Objectives of Trade Union:

(1) To improve employees’ economic circumstances by achieving higher wages.

(2) To provide improved working conditions for employees.

(3) To ensure that the workers receive a bonus from the company’s revenues.

(4) To provide workers with steady employment and to oppose management practices that restrict job prospects.

(5) To provide legal help to workers in the event of a labour dispute or wage payment issue.

(6) To preserve labour positions from retrenchment and layoffs, among other things.

(7) To ensure that workers get provident funds, pensions, and other benefits in accordance with the rules.

(8) To ensure that workers’ safety and health are better protected.

(9) To ensure that workers are involved in management.

(10) To instill in workers discipline, self-respect, and dignity.
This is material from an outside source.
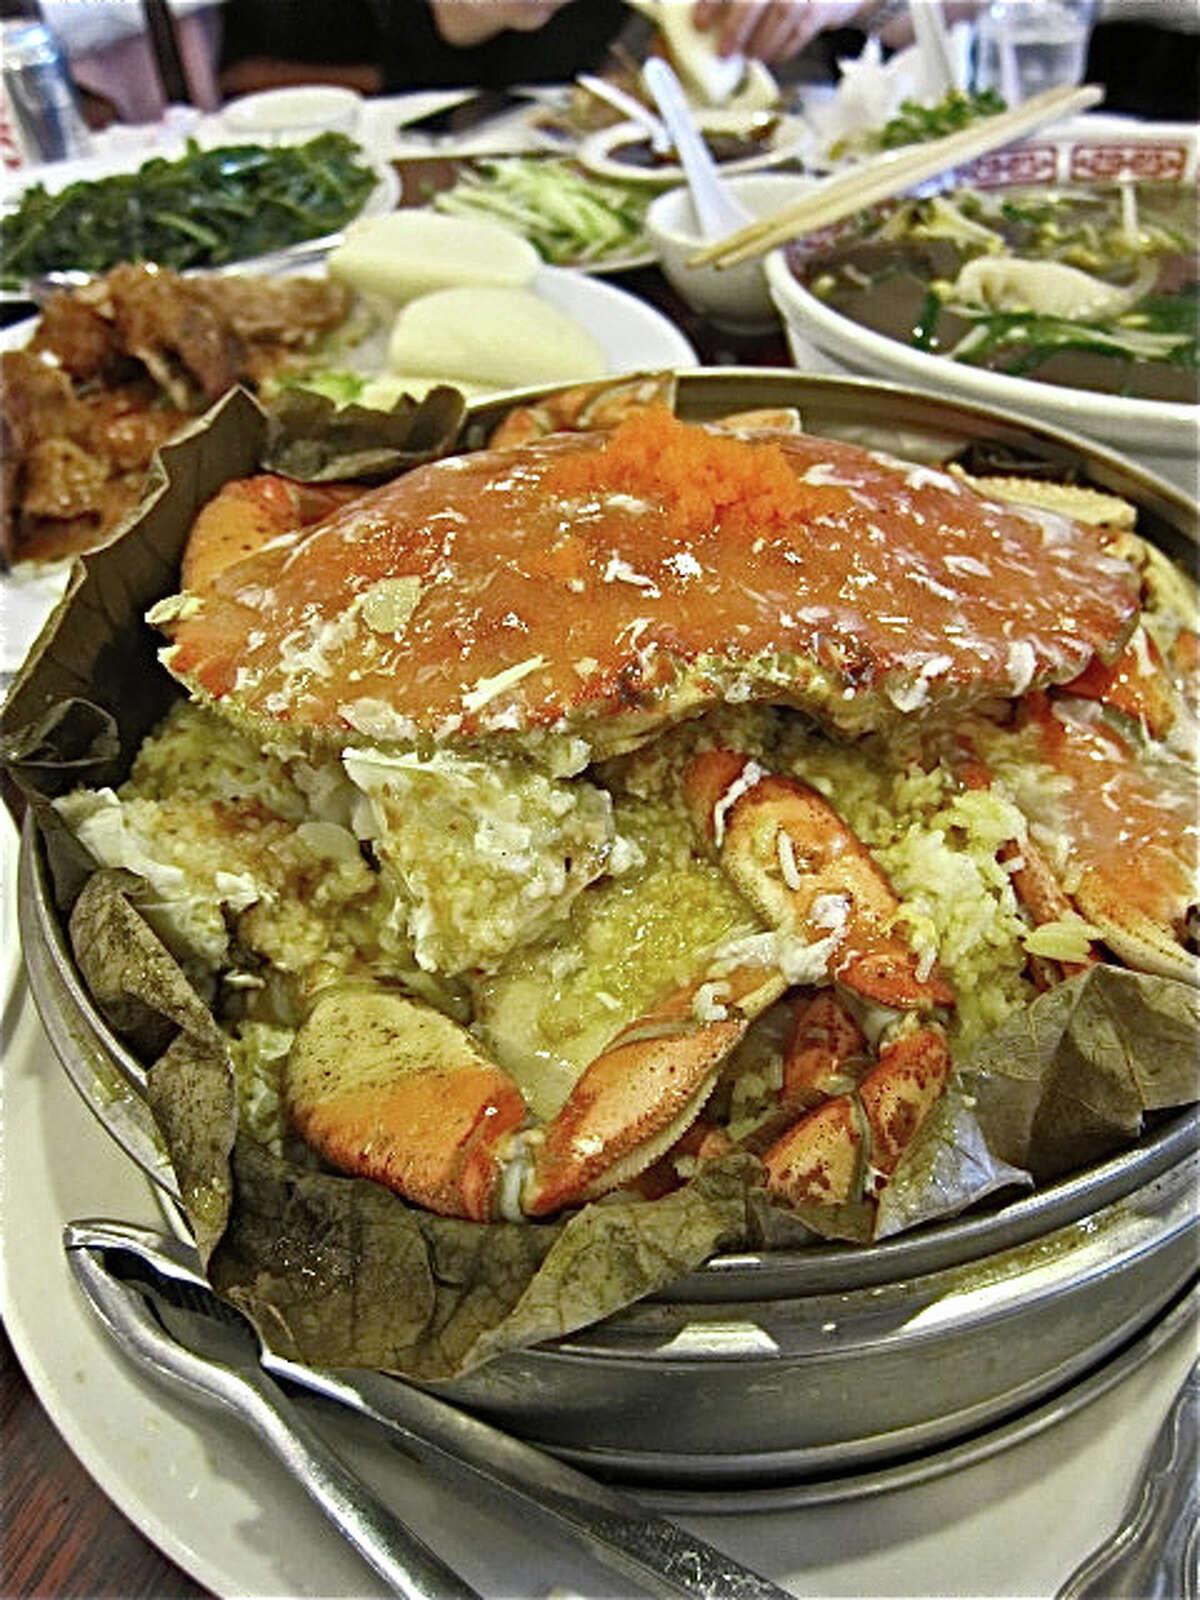 At Confucius Seafood: Dungeness crab in lotus leaf.

Advantages of Trade Union 

  1. Working with a union saves time in pay discussions when compared to dealing with individuals. This is especially important in the case of supervisors and managers, as it aids in the promotion of appropriate remuneration plans and the avoidance of inequity and probable resentment.
  1. Employees can more easily be provided a picture of the organisation’s problems and so gain a better grasp of them through meetings with shop stewards and local union leaders when there is mutual respect, that is when morale is high. As a result, better labour relations should emerge.
  1. Workers recognise the value of unionisation and are able to engage in constructive talks about working practices, disciplinary measures, and other issues with the help of union representatives. Worker dissidents are often contained by the majority of workers when relations are excellent.
  1. Working together with a trade union may make it easier for an organisation to fulfill the requirements imposed on employers by government rules and statutes.
  1. With union cooperation, changes in working habits and necessary redeployment of personnel can be done more quickly. When redundancies are unavoidable, union participation can be very beneficial in securing adequate compensation for individuals who are affected.

Conclusion

In India, trade unionism has come a long way. From having no legal backing to making union “strikes” illegal, to granting them registration and mandatory recognition, to now having full-fledged law and special courts, India’s trade unions have achieved amazing prestige and stature in the labour movement. However, trade unions continue to encounter challenges such as a lack of financial resources and government assistance. As a result, there is still room for trade unionism to grow in India.